The second part is, how do you identify what I would call nontraditional resources that might be available and are qualified. There are a tremendous number of college graduates across the United States that have a degree and are smart, motivated, and ambitious — they just might not have that traditional IT degree. There’s a big part of working in the HIT field that doesn’t necessarily require you to be into the bits and bytes and to be a programmer. It’s a matter of how you take specs, how you interact with people, how you train people, and how you learn how systems work. A lot that they do naturally today when you think about the advent of the iPad and technology has become so pervasive in our lifestyle that most of the kids graduating today are more technologically advanced than I was after five years of working in the industry. How do you tap into that knowledge of liking to play with technology but not feel like you’re going to be set in a back office? And so we’re talking about creating internships. There are a number of companies in town where we work with the universities on how we can get people exposed through internships 20 hours a week working in our environment so they get a feel for it and kind of grow our own.
And then the third leg of is we’re working very strongly with the academic institutions in the community — the four-year colleges and the two-year programs — about what their curriculum looks like, and quite a few of them have already started to develop HIT competency programs or HIT degrees.

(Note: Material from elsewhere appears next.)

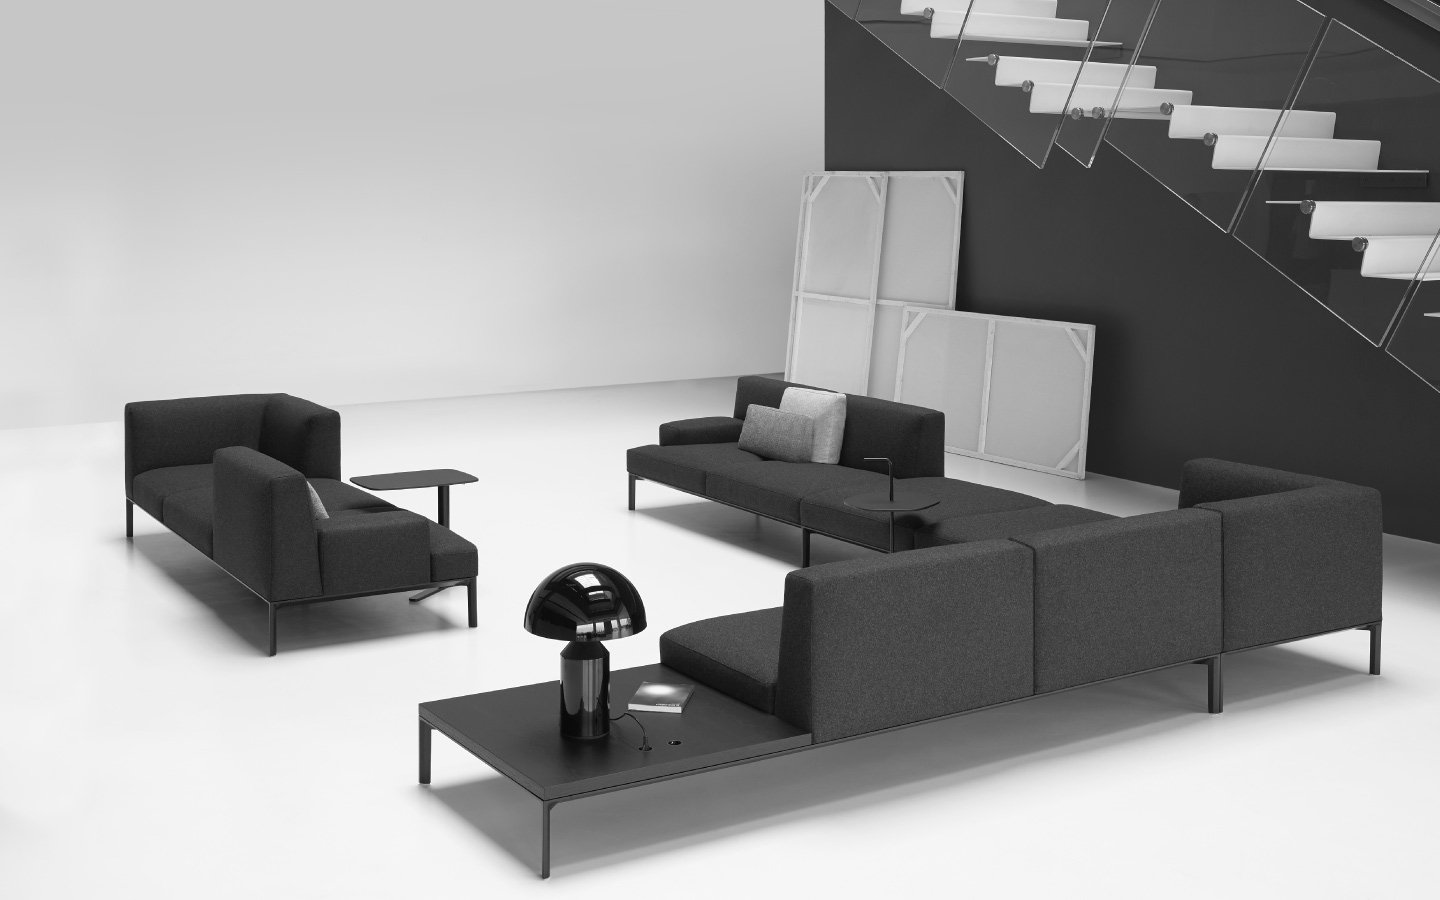 Add Soft Sofa modular from lapalma, designed by Francesco Rota

We’re bringing them up through there, so if you think about it, we’re doing education, we’re capturing the resources, and we’re figuring out how to take someone and retool them. If you take an individual that’s been laid off or is looking to get into this career or if you take a clinician that wants to get into the HIT space, how do you do that?

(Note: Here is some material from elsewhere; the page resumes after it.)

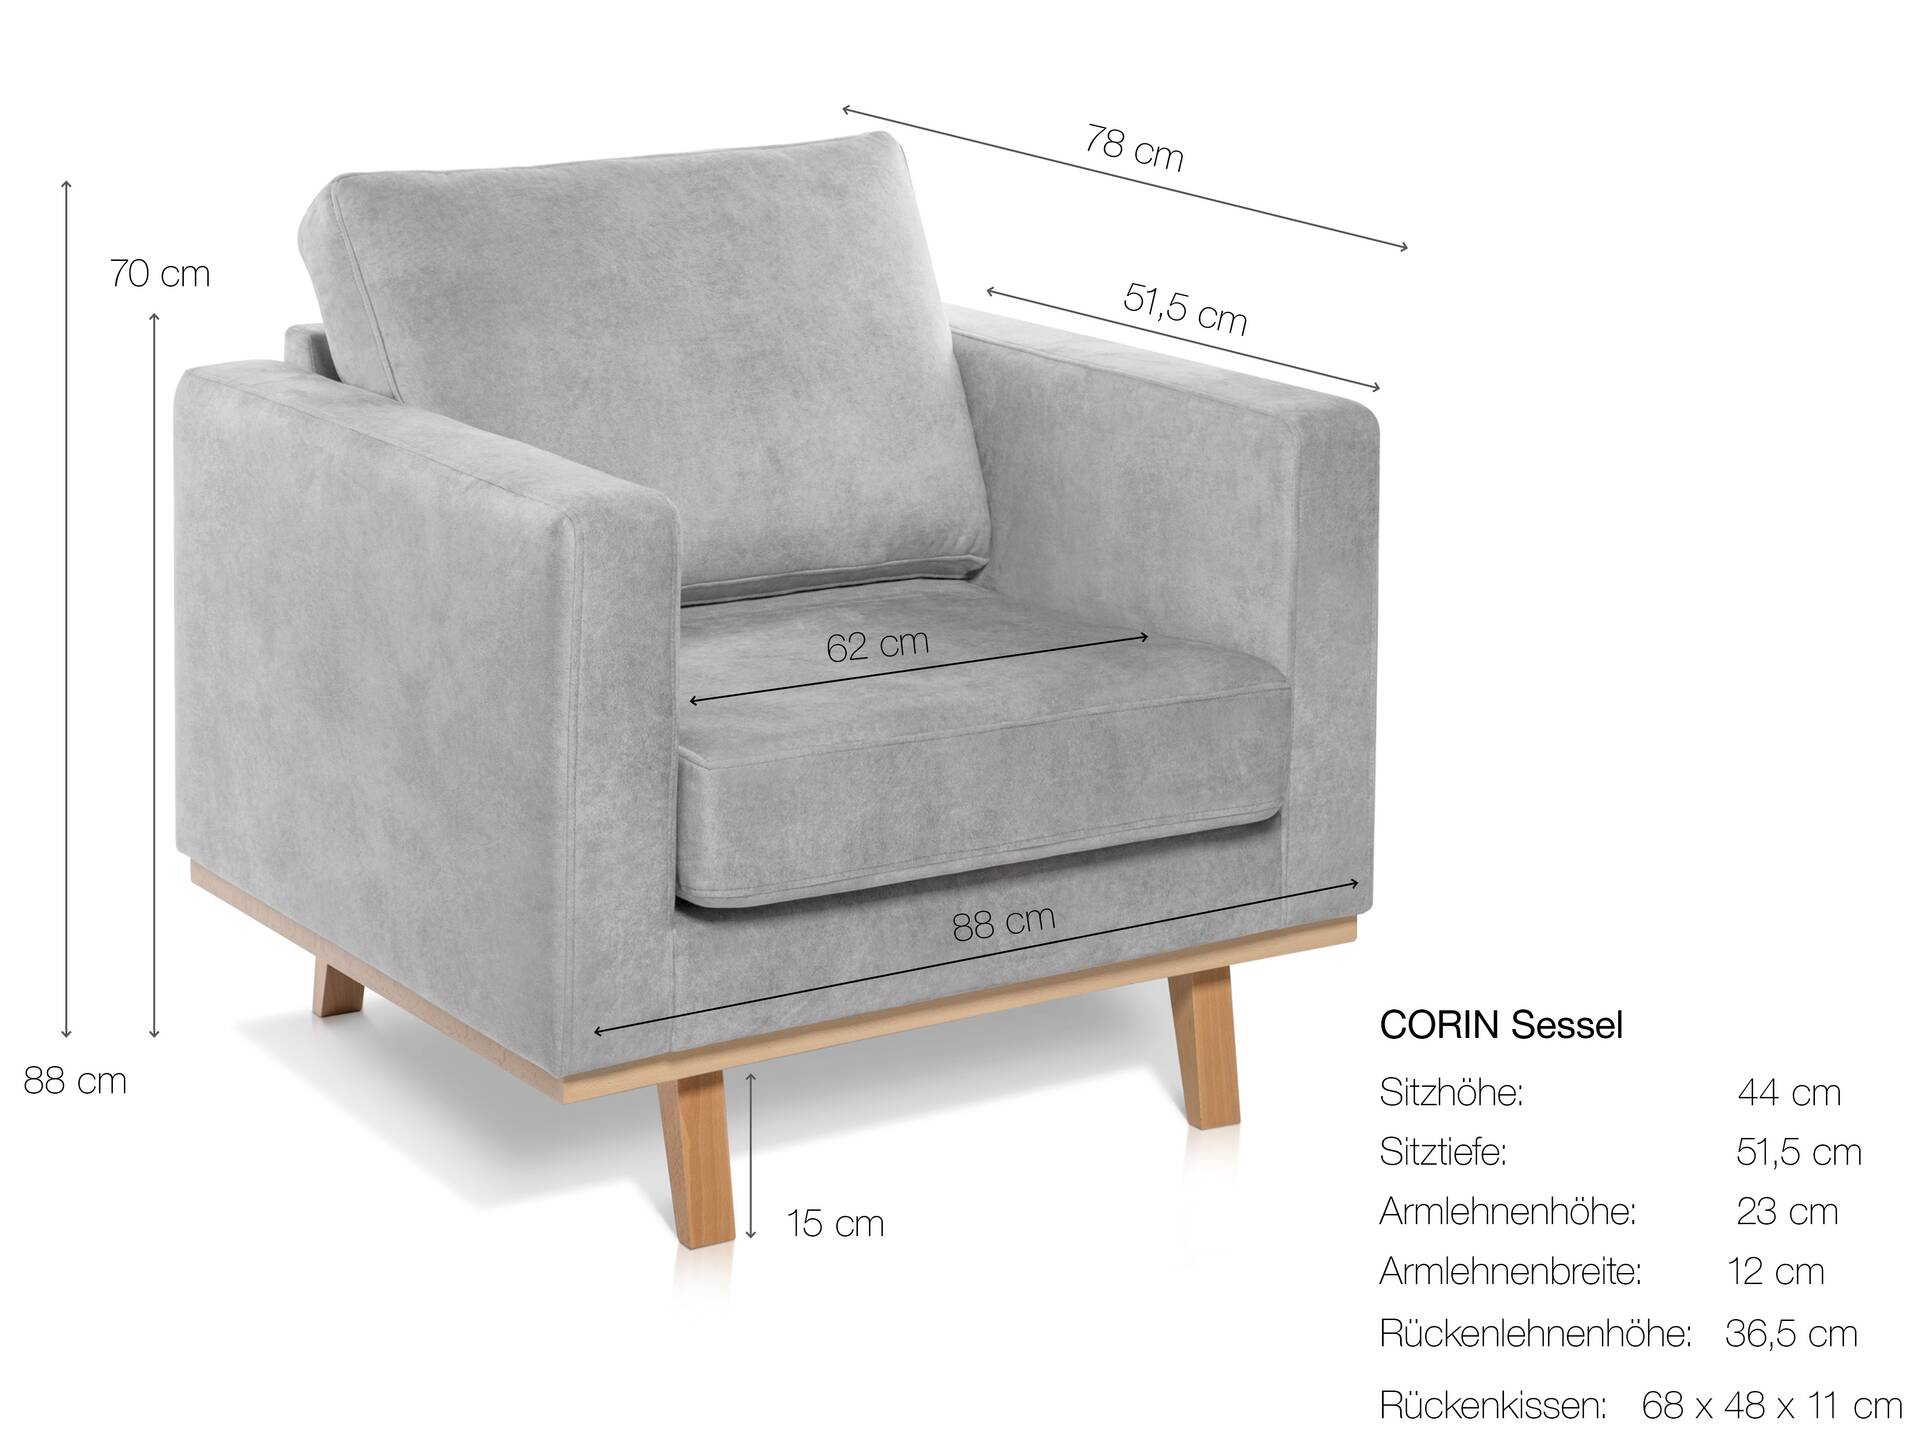 CORIN Sessel mit Echtholz-Untergestell, Bezug in Velour-Optik Mint

We’ve developed a framework for what we would call an accelerator program. One of our goals over the next year is to really try to bring that to fruition — something along the lines of a two-month or three-month initiative, one day a week or one night a week — so you could do it while you work or you can be employed. But it immerses people on a very high level either in the healthcare industry or in the aspects of IT, and then it just brings the onboarding up to speed. We’re trying to attack this across a number of ways. There are well over 1,000 open IT positions in Nashville and the surrounding areas. We’re all out there looking for them, and to think that we’re just going to fill them by the traditional recruiting methods just isn’t going to work anymore.